↓
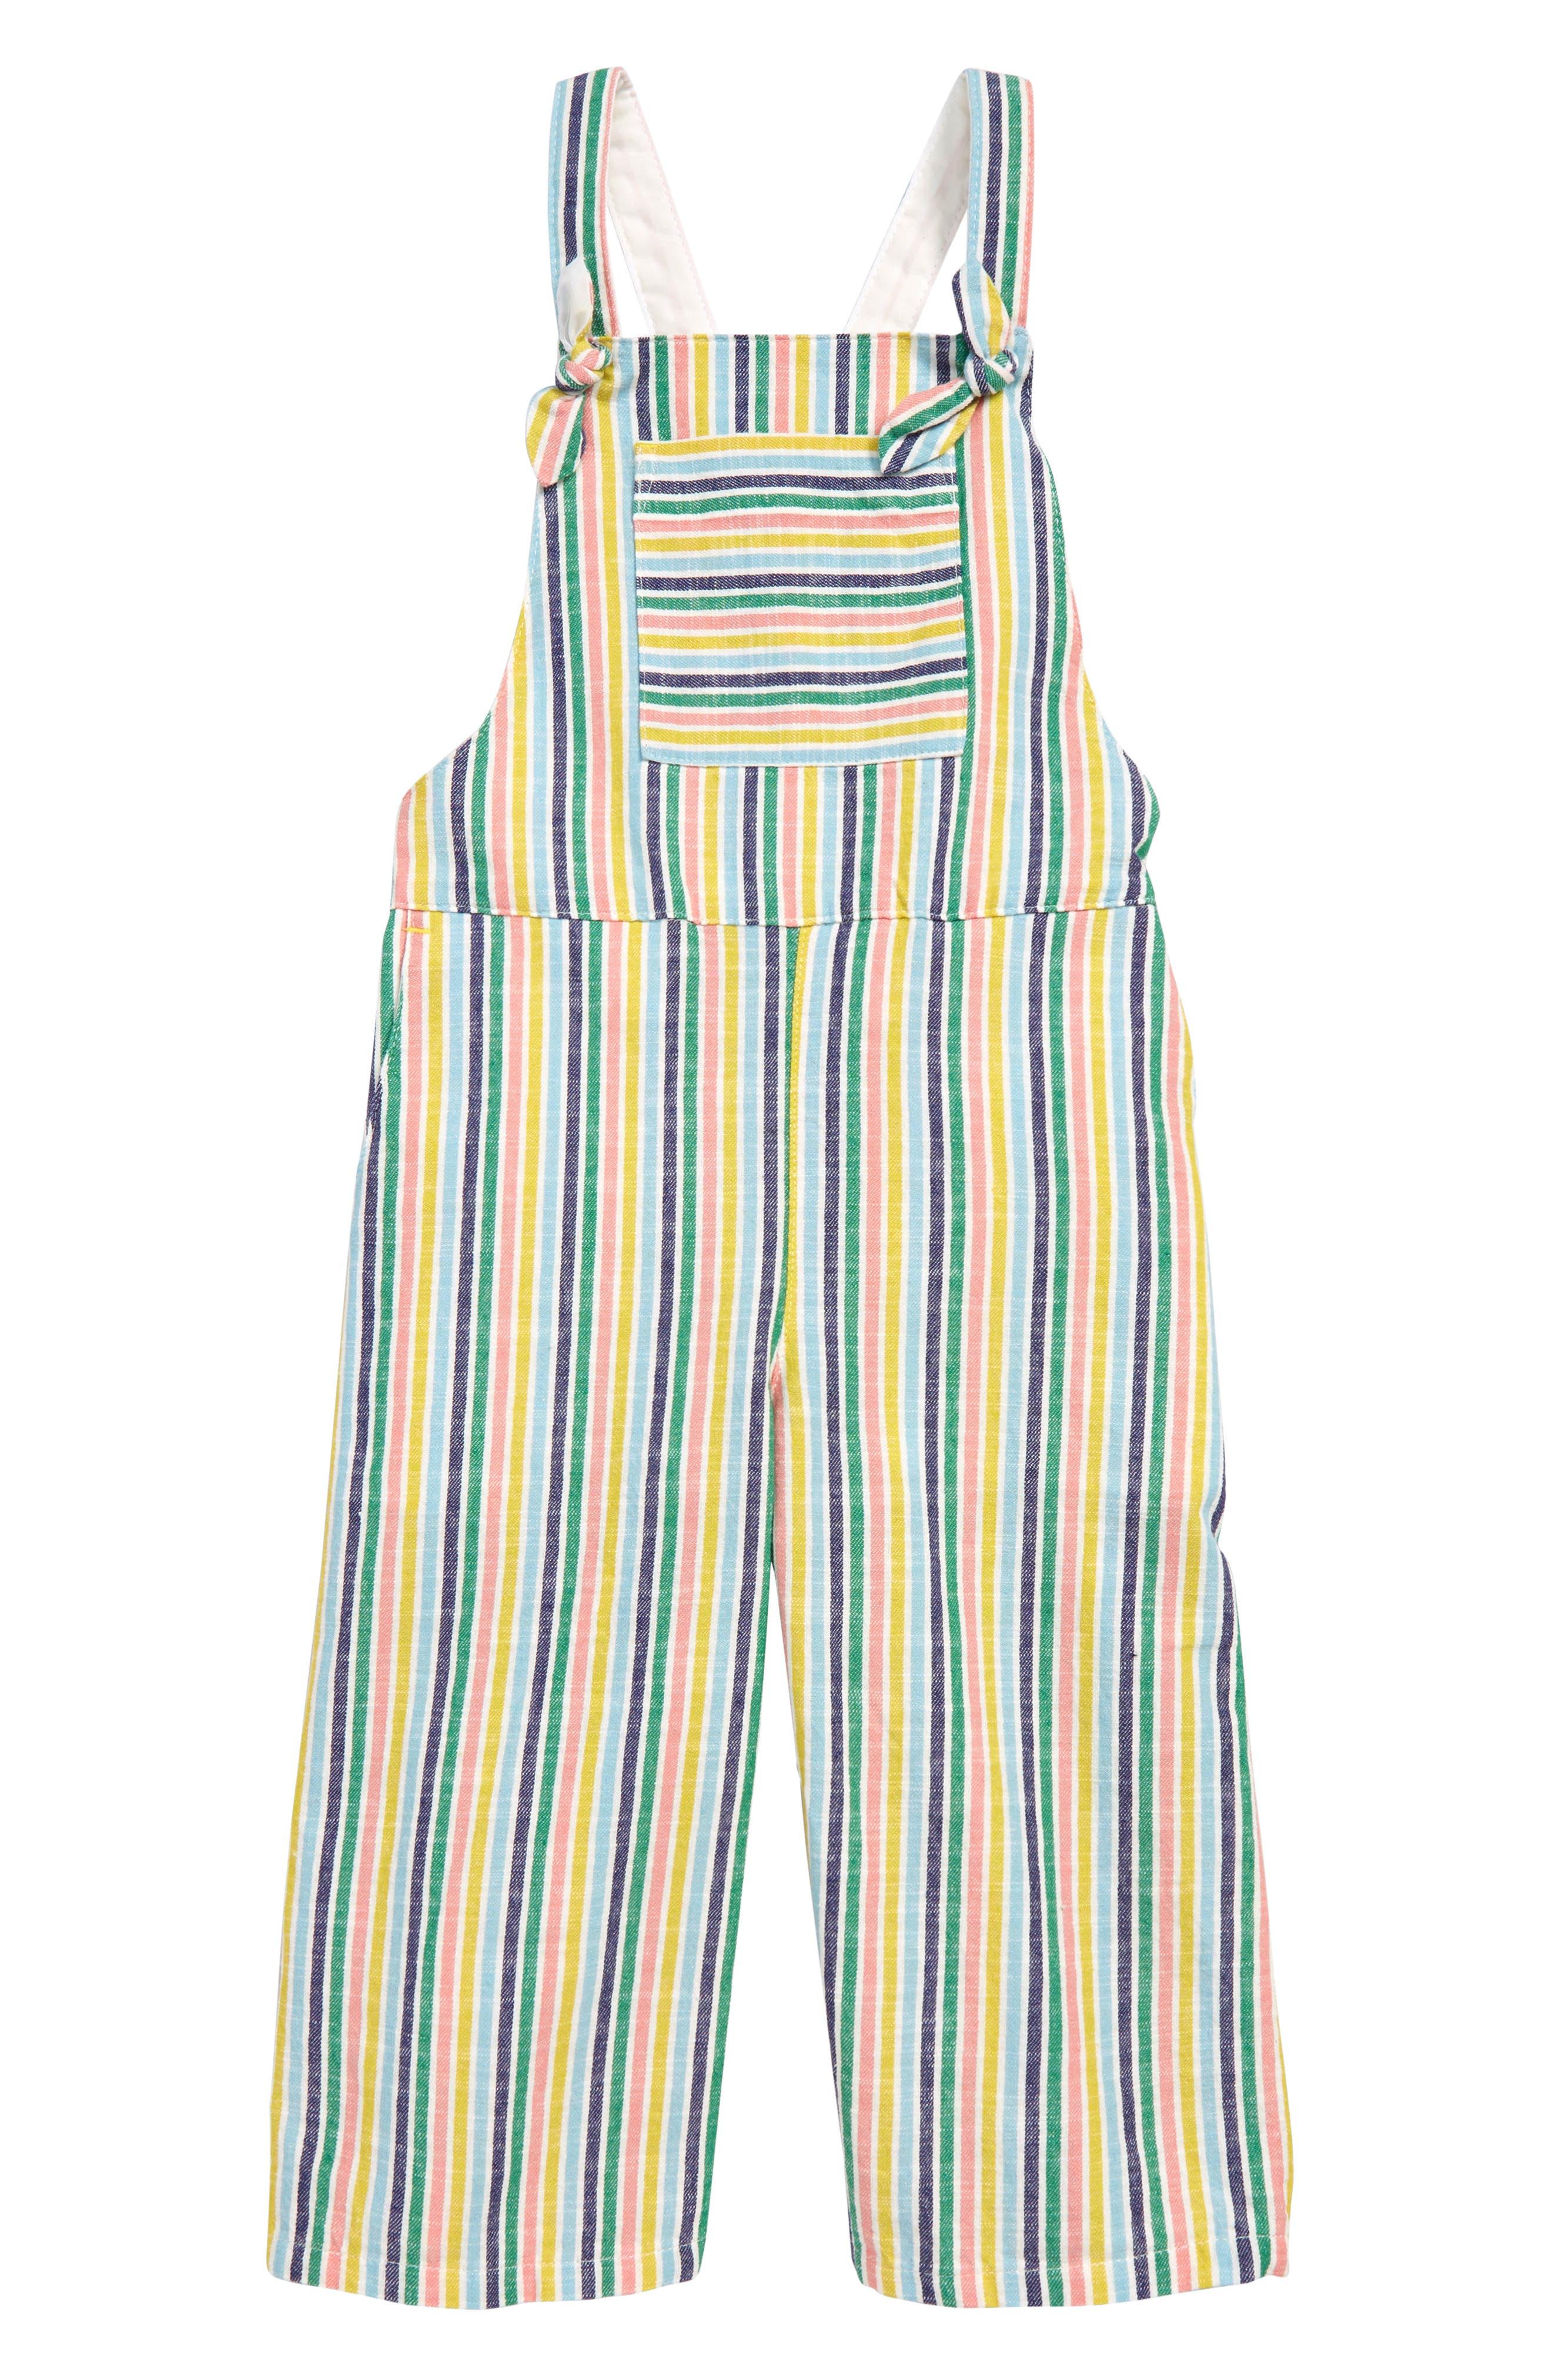 Toddler Girls Mini Boden Stripe Overalls Size 23Y  White
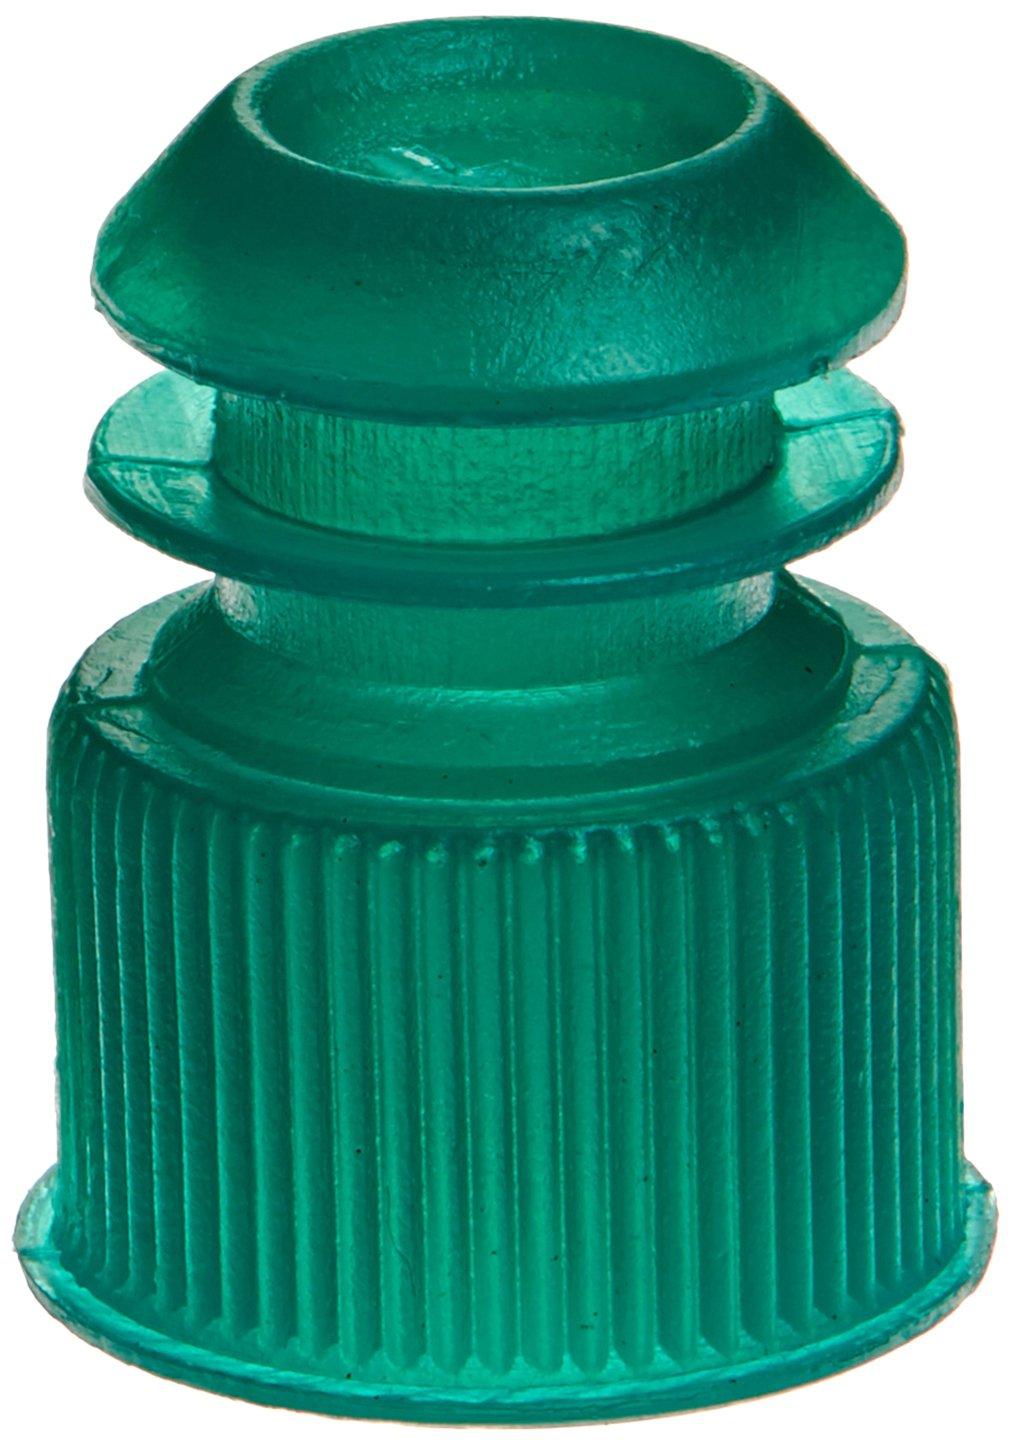 Globe Scientific 118240G Polyethylene Flange Plug Cap for Test Tubes, 13mm Size, Green (Pack of 1000)
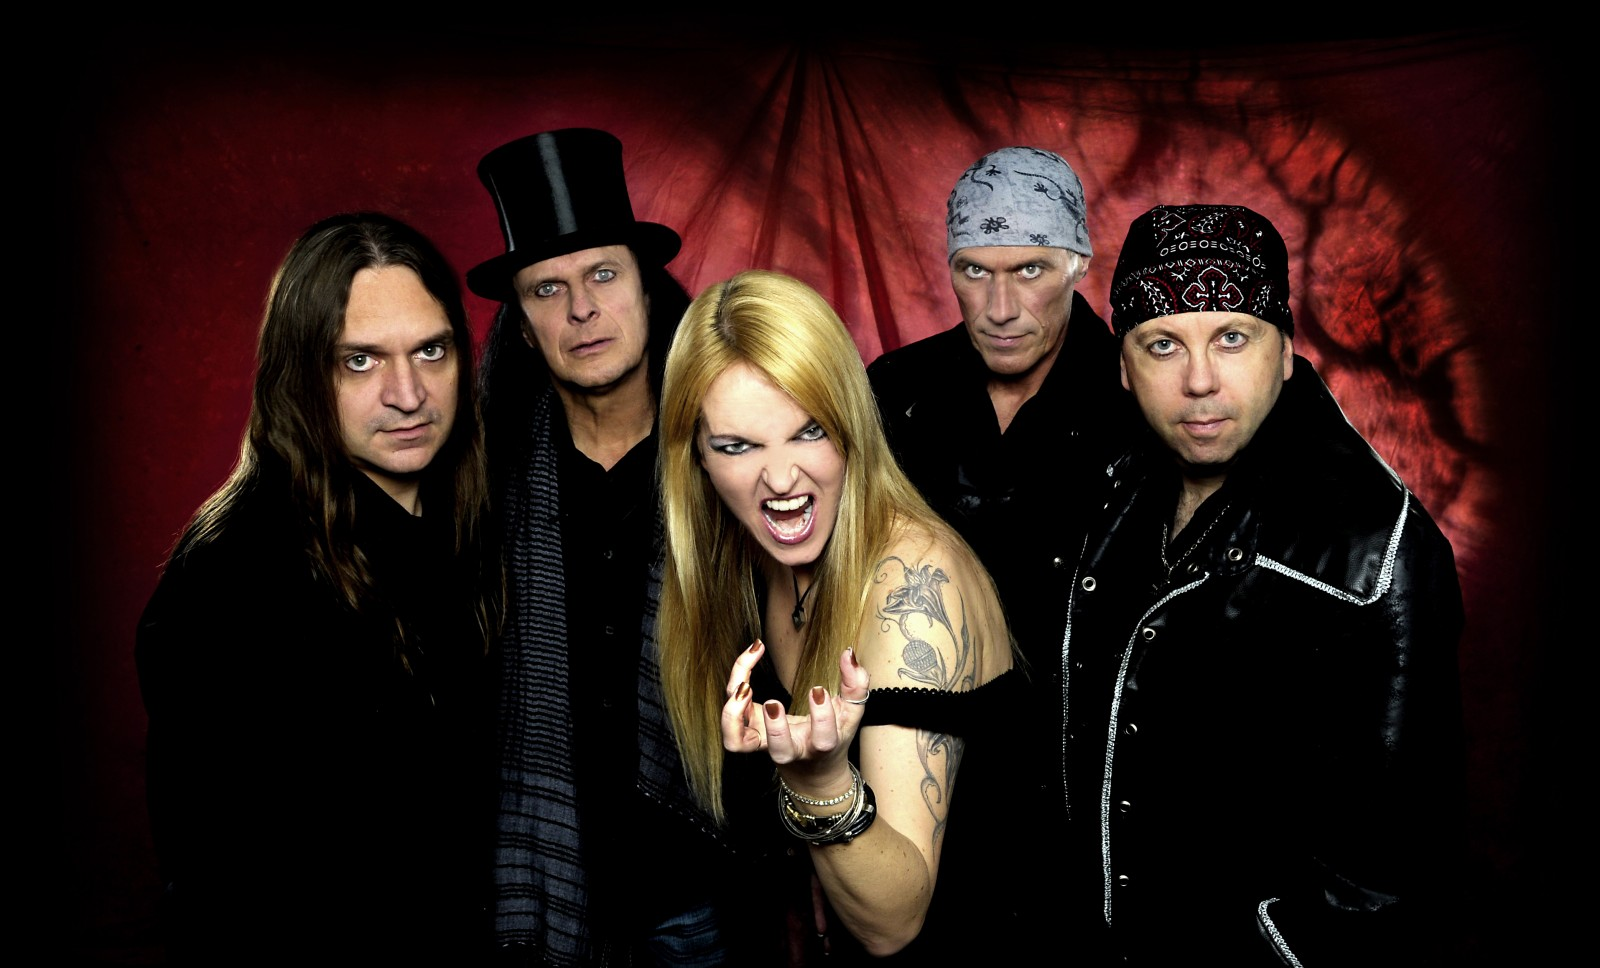 A Tribute To Nightwish
↑
### [What you are asked to do]
Only the lines from the one with "Globe Scientific 118240G" to the last line of the listing, inclusive, are to be set down, exactly as they stand and without pictures.

### [Exercise result]
 Globe Scientific 118240G Polyethylene Flange Plug Cap for Test Tubes, 13mm Size, Green (Pack of 1000)
 A Tribute To Nightwish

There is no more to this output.